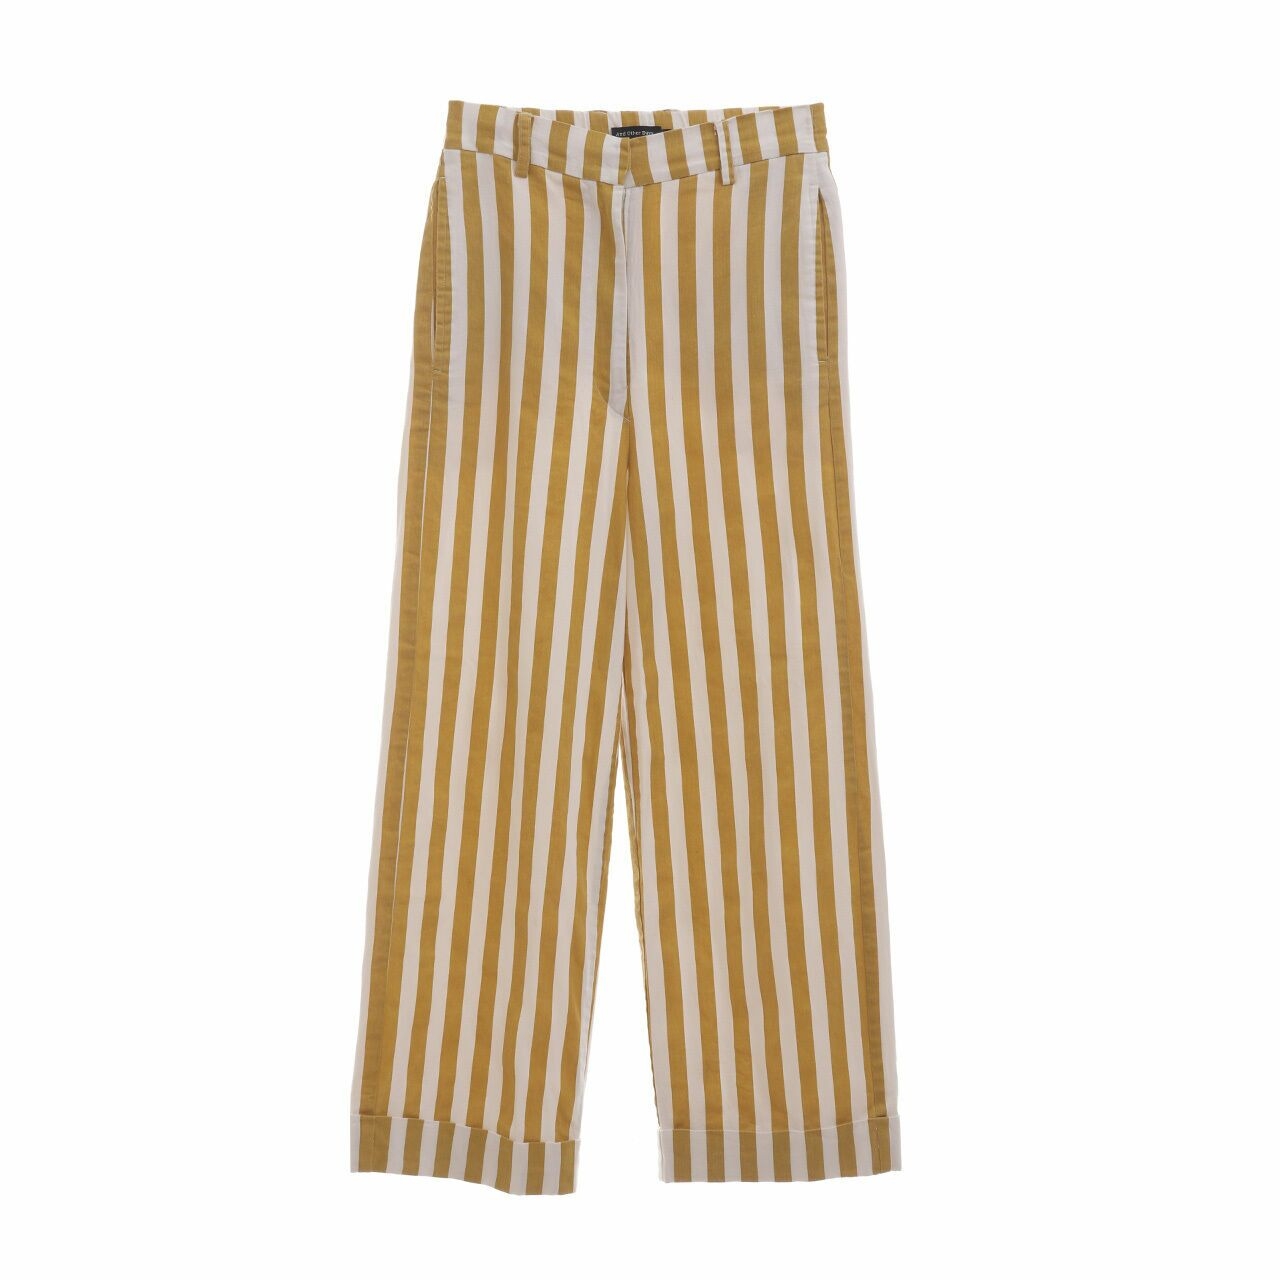 & Other Days White & Mustard Stripes Long Pants 
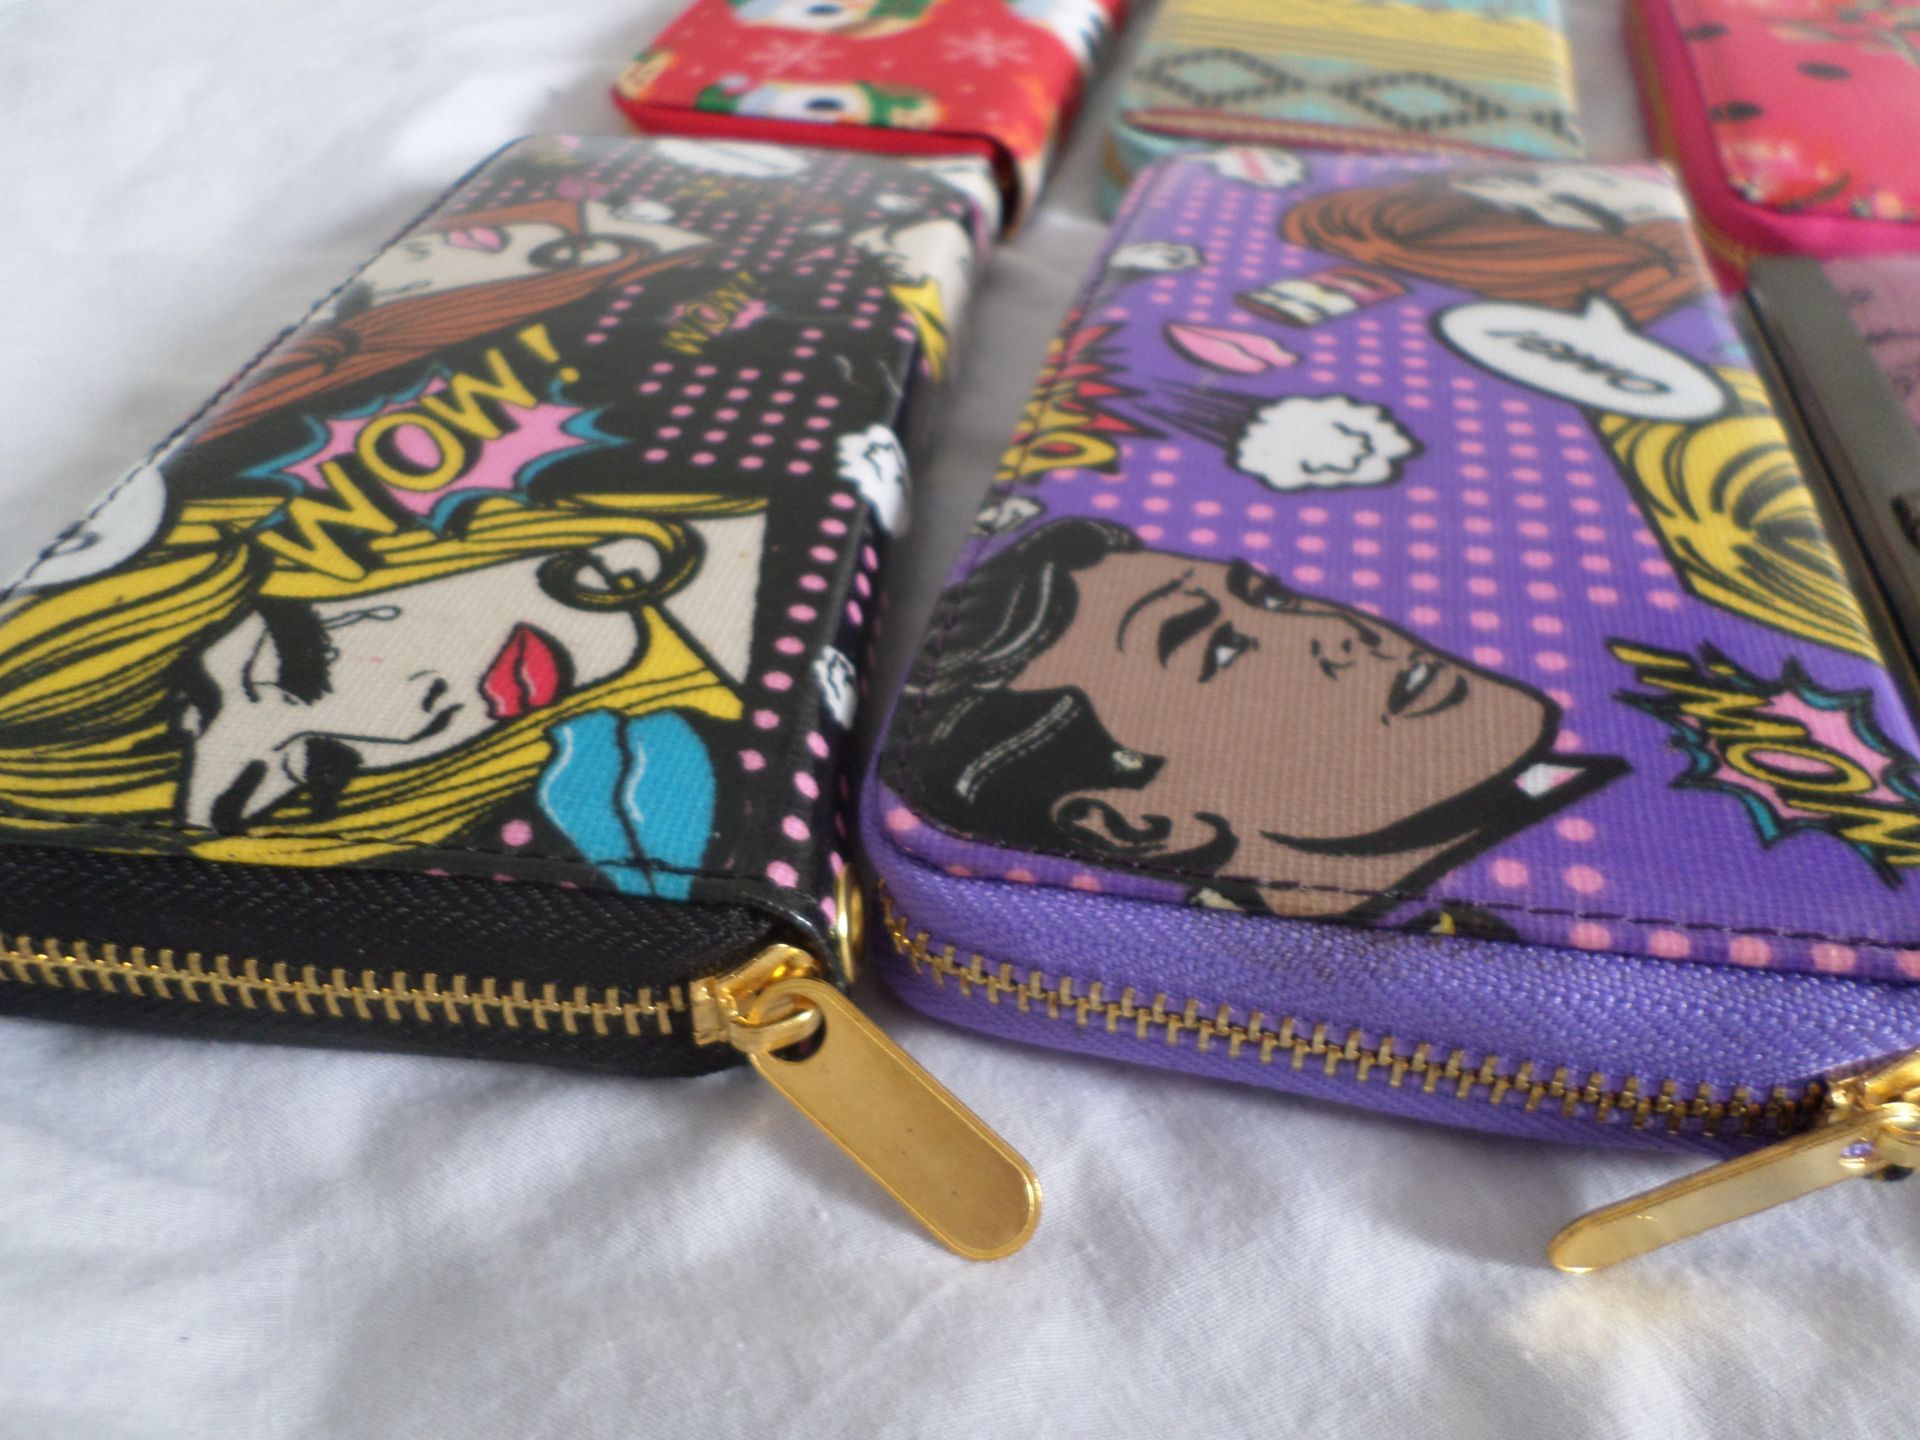 10 x Ladies Clutch/Purses RRP £14 Each. Brand New - Image 4 of 4
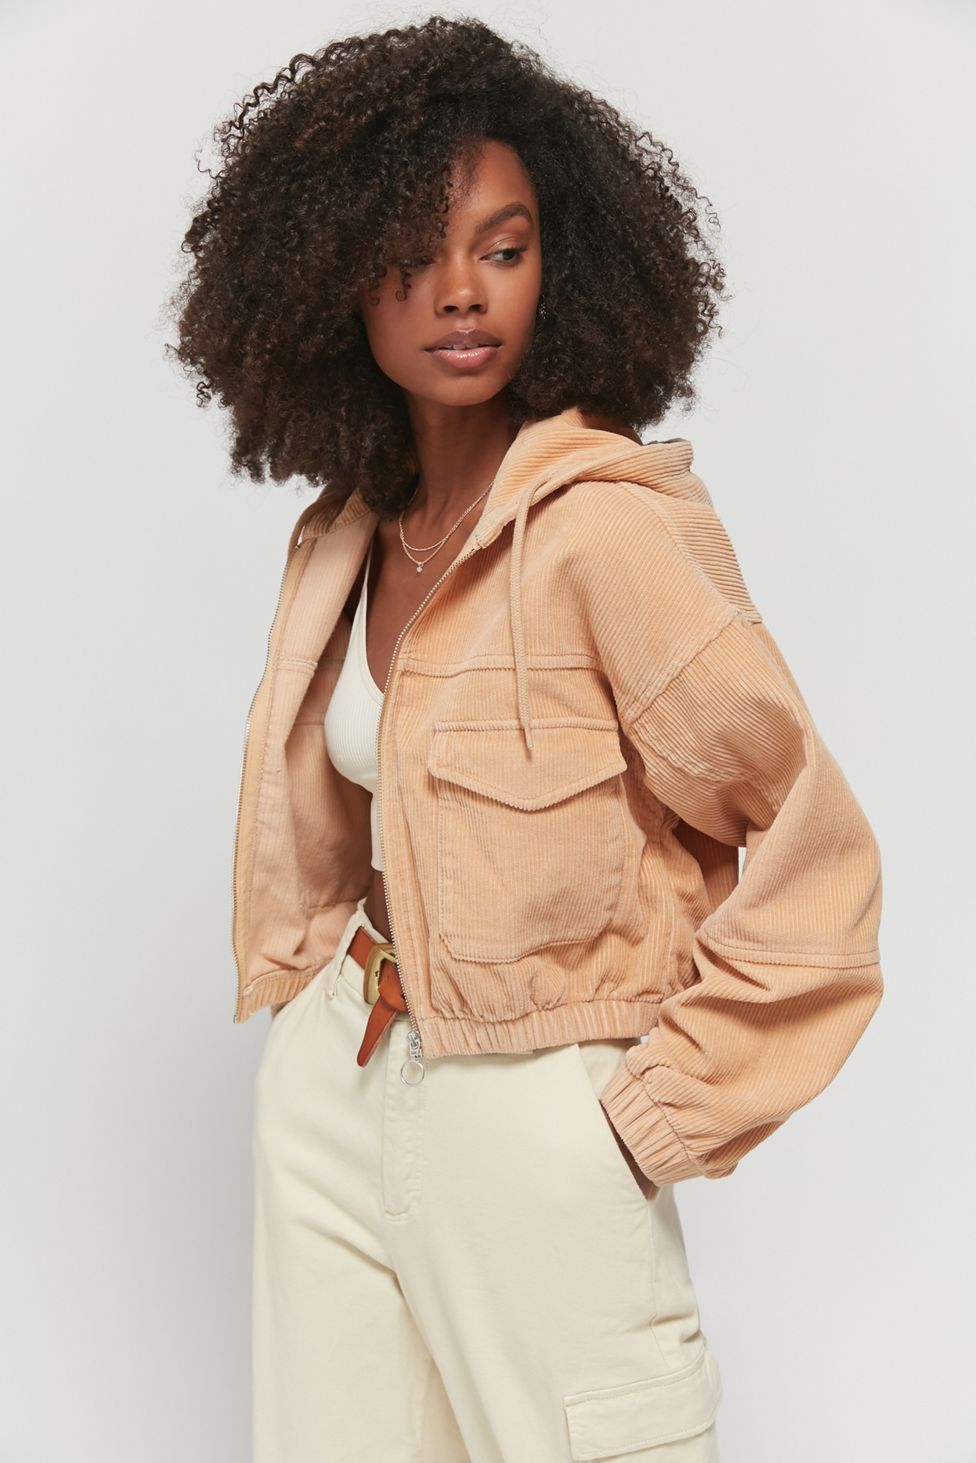 Urban Outfitters Labor Day 2020 Sale corduroy jacker
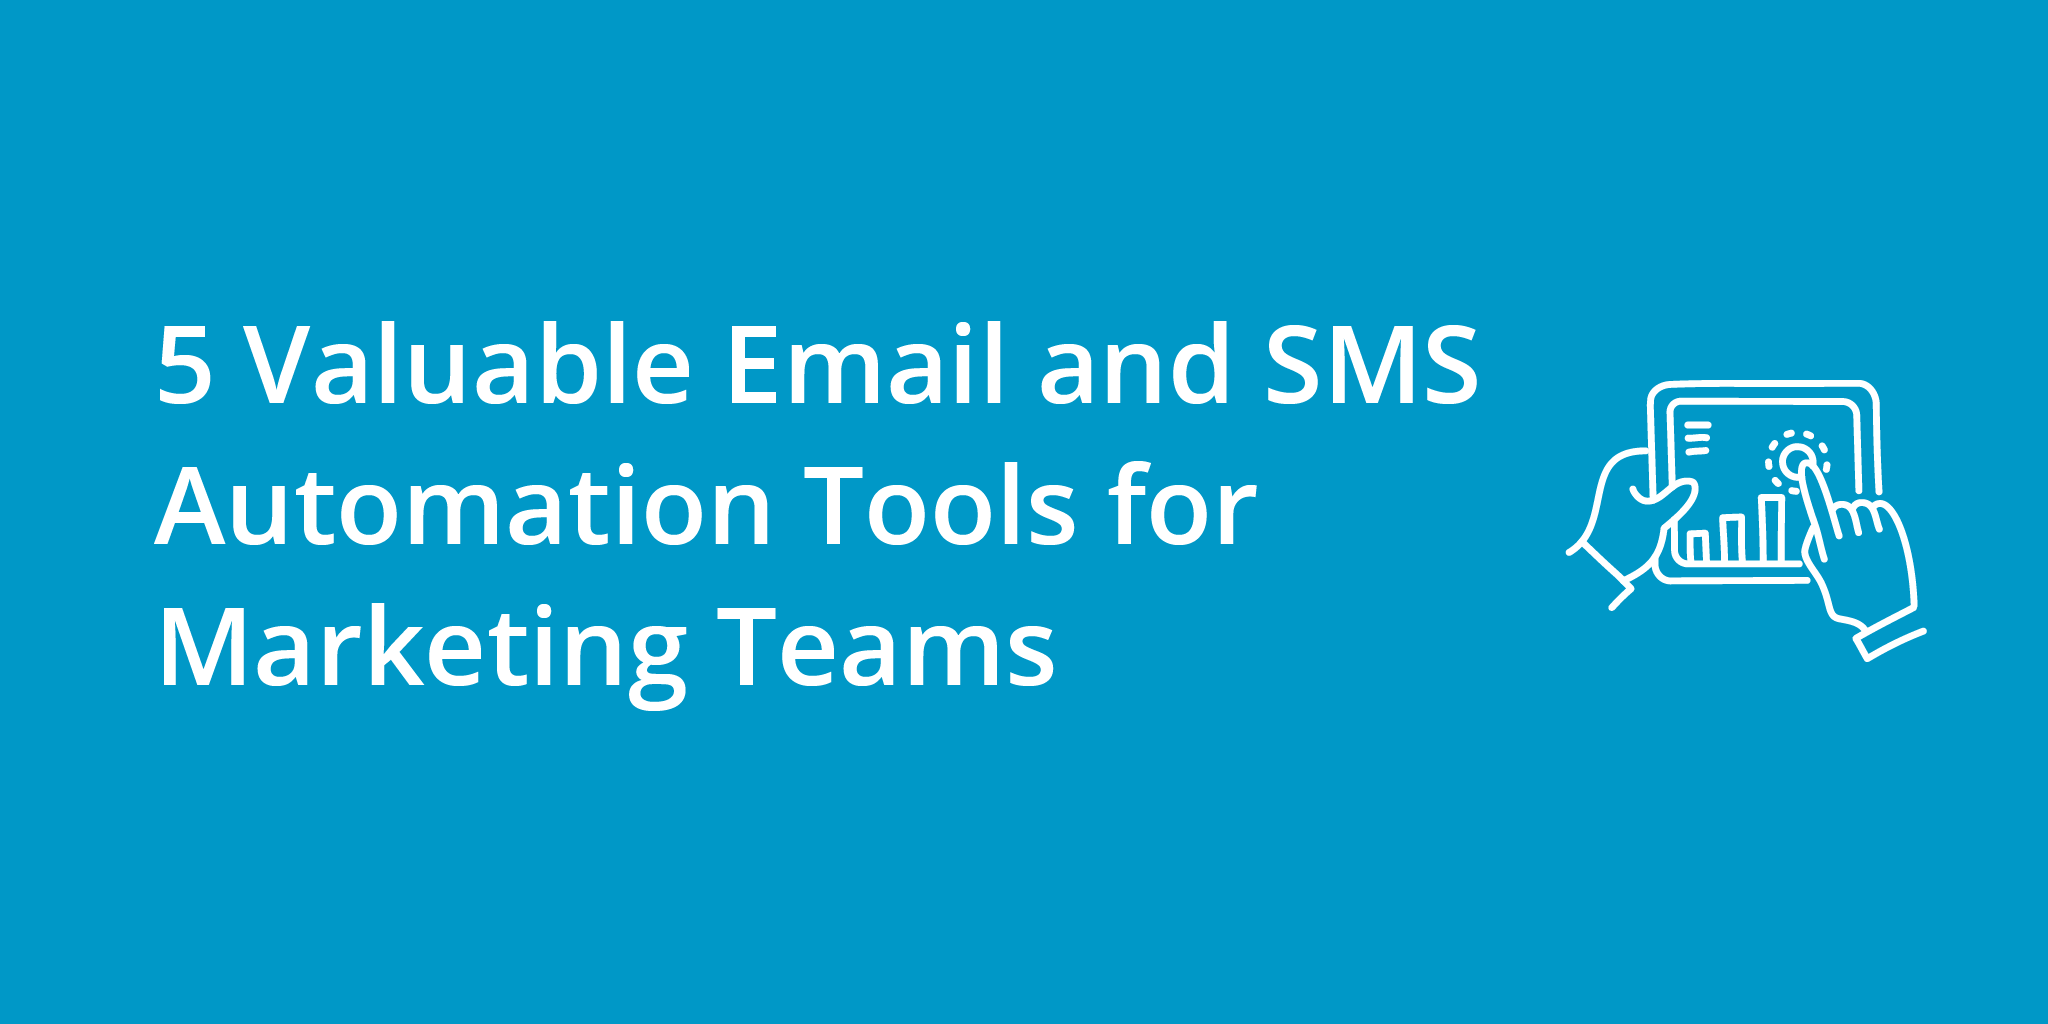 5 Valuable Email and SMS Automation Tools for Marketing Teams | Telephones for business

### [About this task]
Give every line of the listing above again, exactly, with no images.

### [Final answer]
 & Other Days White & Mustard Stripes Long Pants 
 10 x Ladies Clutch/Purses RRP £14 Each. Brand New - Image 4 of 4
 Urban Outfitters Labor Day 2020 Sale corduroy jacker
 5 Valuable Email and SMS Automation Tools for Marketing Teams | Telephones for business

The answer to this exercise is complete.